We have some helpers to tune the hyperparameters with the Tune library.
A working example¶
Suppose we would like to tune the hyperparameters for say, learning rate, number of Pi blocks and the cutoff radius for a PiNet potential. We need to first declare the space we would like to search, with Tune.
from ray import tune
config = {
'lr': tune.grid_search([3e-4, 1e-4, 3e-5]),
'rc': tune.grid_search([3.5, 4.5, 5.0, 5.5]),
'depth': tune.grid_search([4, 5, 6])}
Then we need to define a train_fn. Given a config it should return
several objects, a model (as an estimator), the train_spec and
eval_spec, and a reporter function which reports the metrics to Tune.
The reporter should take the evaluation output as input, and return a
dictionary of metrics. The naming does not matter, but note that Tune
expects a reward_attr which increases during training to
discriminate models, so you should define things like accuracy
instead of error.
def train_fn(c, ckpt=None):
import yaml, os
import tensorflow as tf
from pinn.io import load_tfrecord
from pinn.models import potential_model
# parameter builder
params = {
# Tune will take charge of the running path,
# so model_dir can be a relative directory
'model_dir': './model_dir/',
'network': 'pinet',
'network_params': {
'depth': c['depth'],
'atom_types': [1,6,7,8,9]},
'model_params': {
'learning_rate': c['lr'],
'en_scale': 1}}
# disable checkpoint cleaning, and specify report frequency
# note we report to Tune whenever a checkpoint is saved
config = tf.estimator.RunConfig(
save_checkpoints_secs=300,
keep_checkpoint_max=None,
keep_checkpoint_every_n_hours=None)
# Returning things
model = potential_model(params, config=config, warm_start_from=ckpt)
train_fn = lambda: load_tfrecord('/path/to/train.yml')

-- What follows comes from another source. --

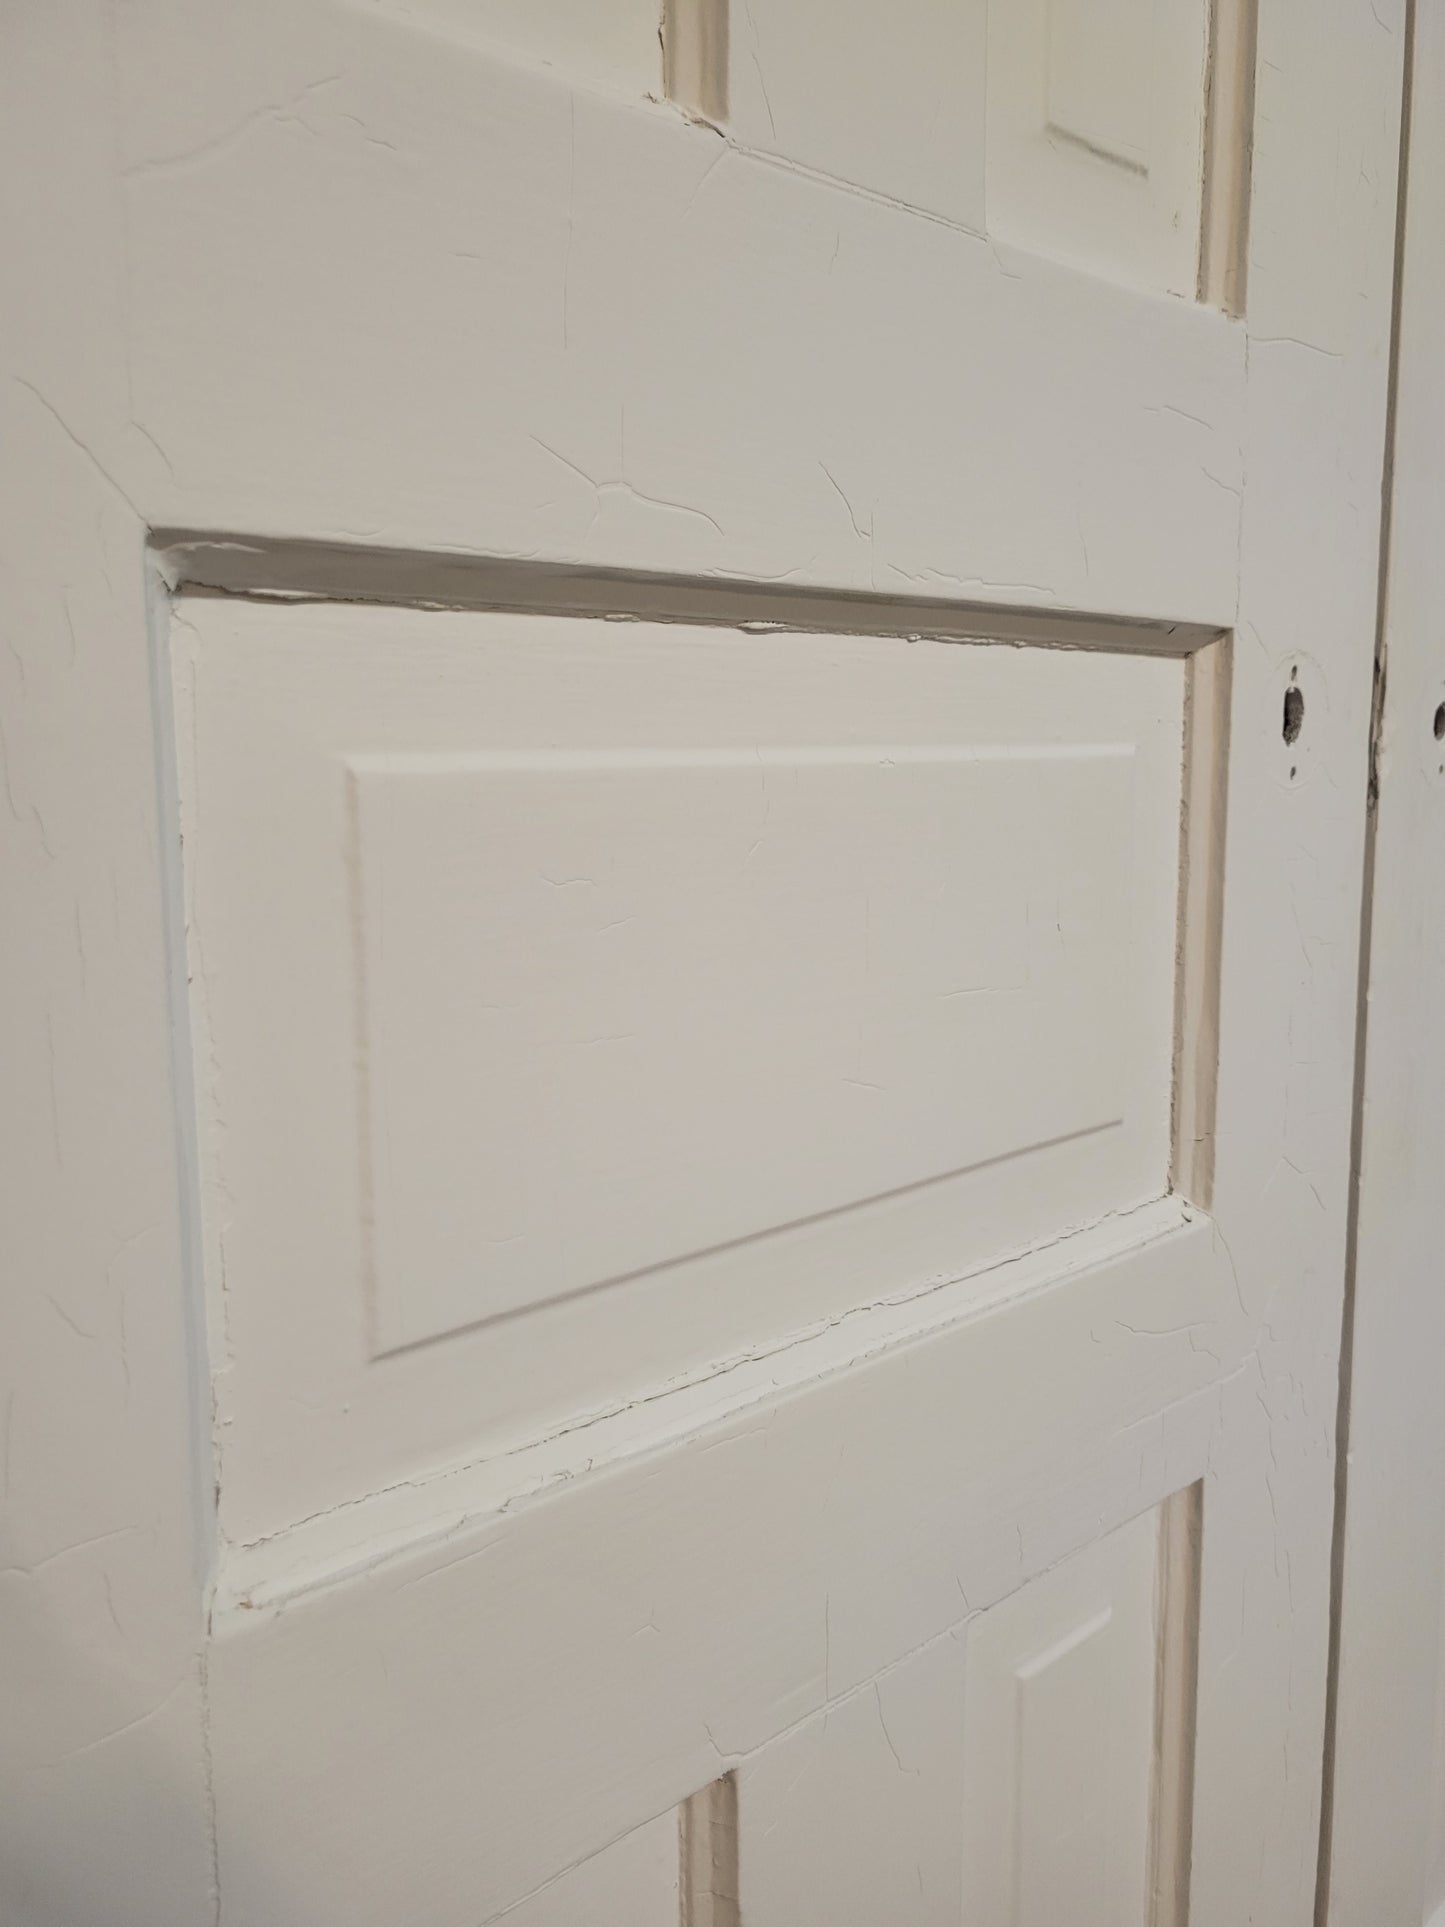 Pair of Antique White Five Panel Doors, Narrow Set of Solid Wood Double Doors #1

test_fn = lambda: load_tfrecord('/path/to/test.yml')
train_spec = tf.estimator.TrainSpec(input_fn=train_fn, max_steps=1e6)
eval_spec = tf.estimator.EvalSpec(input_fn=test_fn)
reporter = lambda eval_out: {'accuracy': 1./eval_out['METRICS/E_MAE']}
return model, train_spec, eval_spec, reporter
Now you can use the TuneTrainable function to feed your train_fn
to Tune as a trainable.
import ray
from pinn.utils import TuneTrainable
# Define the trainable from train_fn
trainable = TuneTrainable(train_fn)
# Start ray cluster, use all the GPUs on this machine
os.environ['CUDA_VISIBLE_DEVICES'] = '0,1,2,3,4,5'
ray.shutdown()
ray.init()
# Searching strategy of Ray Tune
search_alg = tune.suggest.BasicVariantGenerator(shuffle=True)
scheduler = tune.schedulers.HyperBandScheduler(
time_attr='time_total_s', reward_attr='accuracy', max_t=3600)
# Run jobs with Ray tune
tune.run(trainable, name='test_tunning', config=config,
resources_per_trial={'cpu':5, 'gpu':1},
search_alg=search_alg, scheduler=scheduler,
local_dir="/tmp/test_tuning",
num_samples=2, verbose=1)
Visualizing the result¶
We have a notebook example for visualizing tuning results from Tune.
How this works¶
The TuneTrainable function is actually a general wrapper for
estimators to work with Ray Tune. It runs the train and evaluate but stops
the estimator whenever a checkpoint is saved and reports the metrics
to Tune.
This is a bit more elaborate than adding a reporter hook to the estimator, and slightly slower since the training must restart from checkpoints. But the gain is that Tune can now stop and restore trainings when it wants, which is required by of some of Tune’s schedulers.